As I’ve written previously, the mere threat of secondary sanctions is prompting financial institutions to back away from Russia. Media reports in January indicated that at least two state-owned banks in China began “reexamining” their relationships with Russian clients, and banks in Türkiye, which was working to be removed from the FATF grey list and finally accomplished this in June, also began to back away.
And while Iran bank cards can now be used in Russia (pariahs of a feather and all that), the Bank of China is reportedly blocking yuan-denominated transfers from countries believed to be exporting to Russia.
Russian companies are also facing a sharp increase in payment processing times in banks in Kazakhstan. Money transfers this month (November) took, on average, 24 percent longer than in July, and in some cases, the transfer of funds took two months.
As I said, secondary sanctions are an effective threat.
The EU has still not sanctioned Gazprombank, even as the United States finally did so, and the UK and other countries have had this financial institution under sanctions since at least 2022. It’s tougher for the EU, since consensus is a requirement, and Hungary, given its petulant whining, and Slovakia can both tank the effort to designate Gazprombank.
But this is a hard shot across the EU’s bow. Europe has already reduced its reliance on Russia, and European nations have bolstered supplies, including LNG from the United States. Although the United States is now Europe’s largest supplier of LNG, Russia is still in second place. Now, the countries that still rely on Russian energy need to step up efforts to wean themselves off the Russian gas teat.
Europe was already bracing for the potential end to flows of Russian gas through Ukraine when a transit deal expires at the end of the year. The sanctions will make it more difficult for President Vladimir Putin to profit from energy exports to Europe. European gas futures are at the highest for a year as the global supply outlook tightens.

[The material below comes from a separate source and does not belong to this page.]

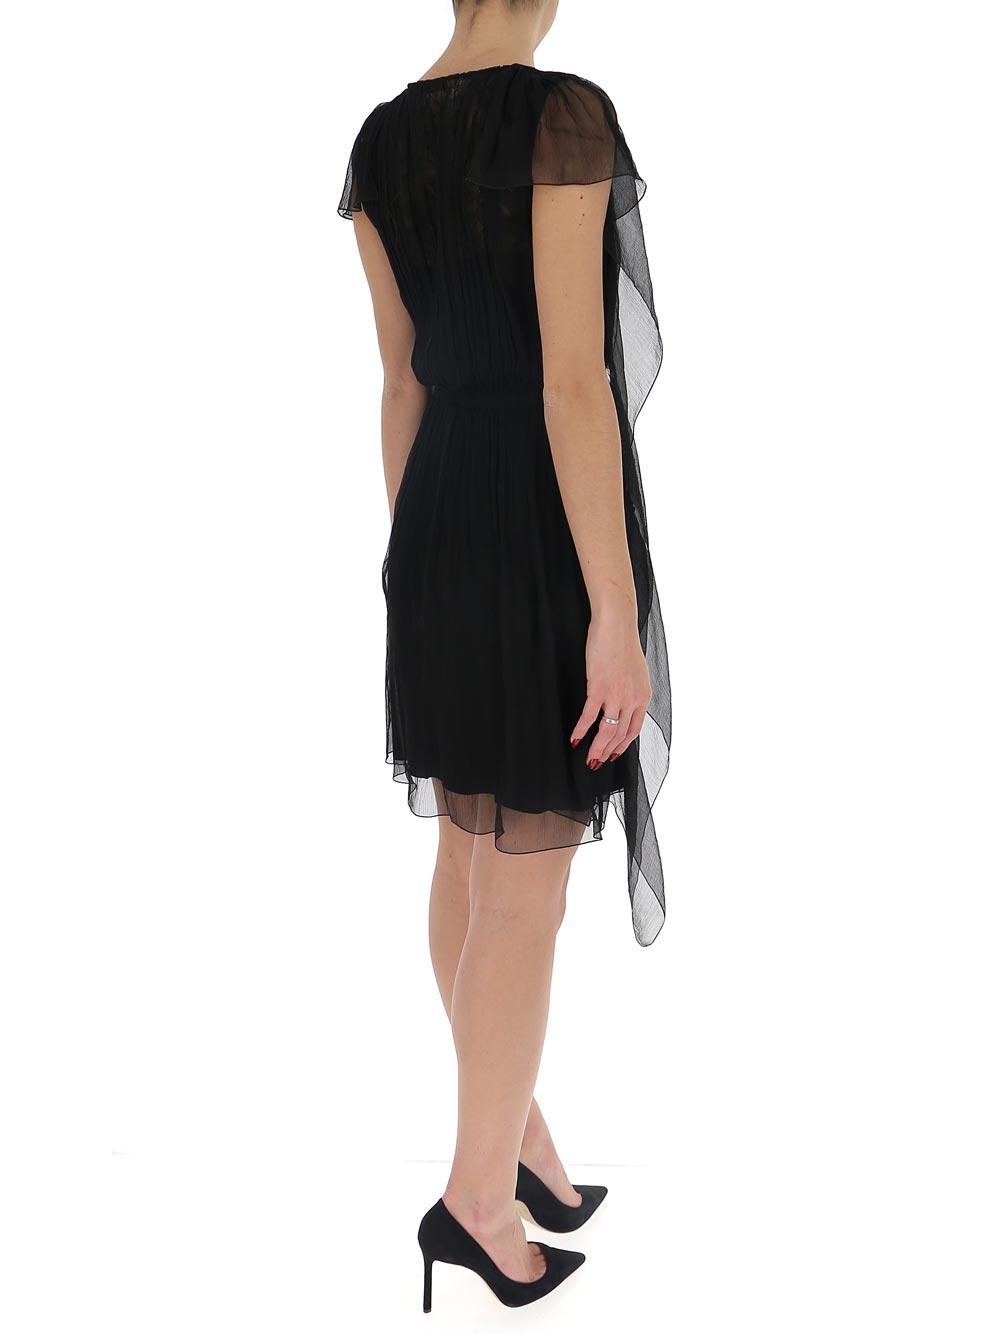 Alberta Ferretti Lace Dress in Black - Lyst

Türkiye is also doing a panic dance. Ankara reportedly is in talks with the United States and Russia to get a sanctions waiver so it can continue paying Gazprombank for Russian LNG.
Turkish Energy Minister Alparslan Bayraktar referred to a previous waiver granted to Ankara when Washington earlier sanctioned Iran, saying Turkey needs something similar when it comes to Gazprombank in order for it to secure supply.
Without an exemption, Turkey won’t be able to pay Russia.
Yes, Türkiye has provided weapons to Ukraine to protect the country against Russian invaders, but Ankara has imposed no economic consequences on Russia, and frankly, while the military support is welcome, pouring money into Putin’s pockets while supplying weapons to Ukraine is a bit like speaking out of both sides of one’s mouth.
Make no mistake, the designation against Gazprombank and the bluntly put alert about Russia’s poor man’s version of SWIFT - the SPFS - should tell foreign financial institutions, and especially those European banks still doing business with the Russian financial system that their time to freely provide Putin with funds to murder innocent people is limited.
Well, when you consider that Gazprom 'owns' the bank, it's probably long overdue...
More sanctions are on the way… indeed, not a good look.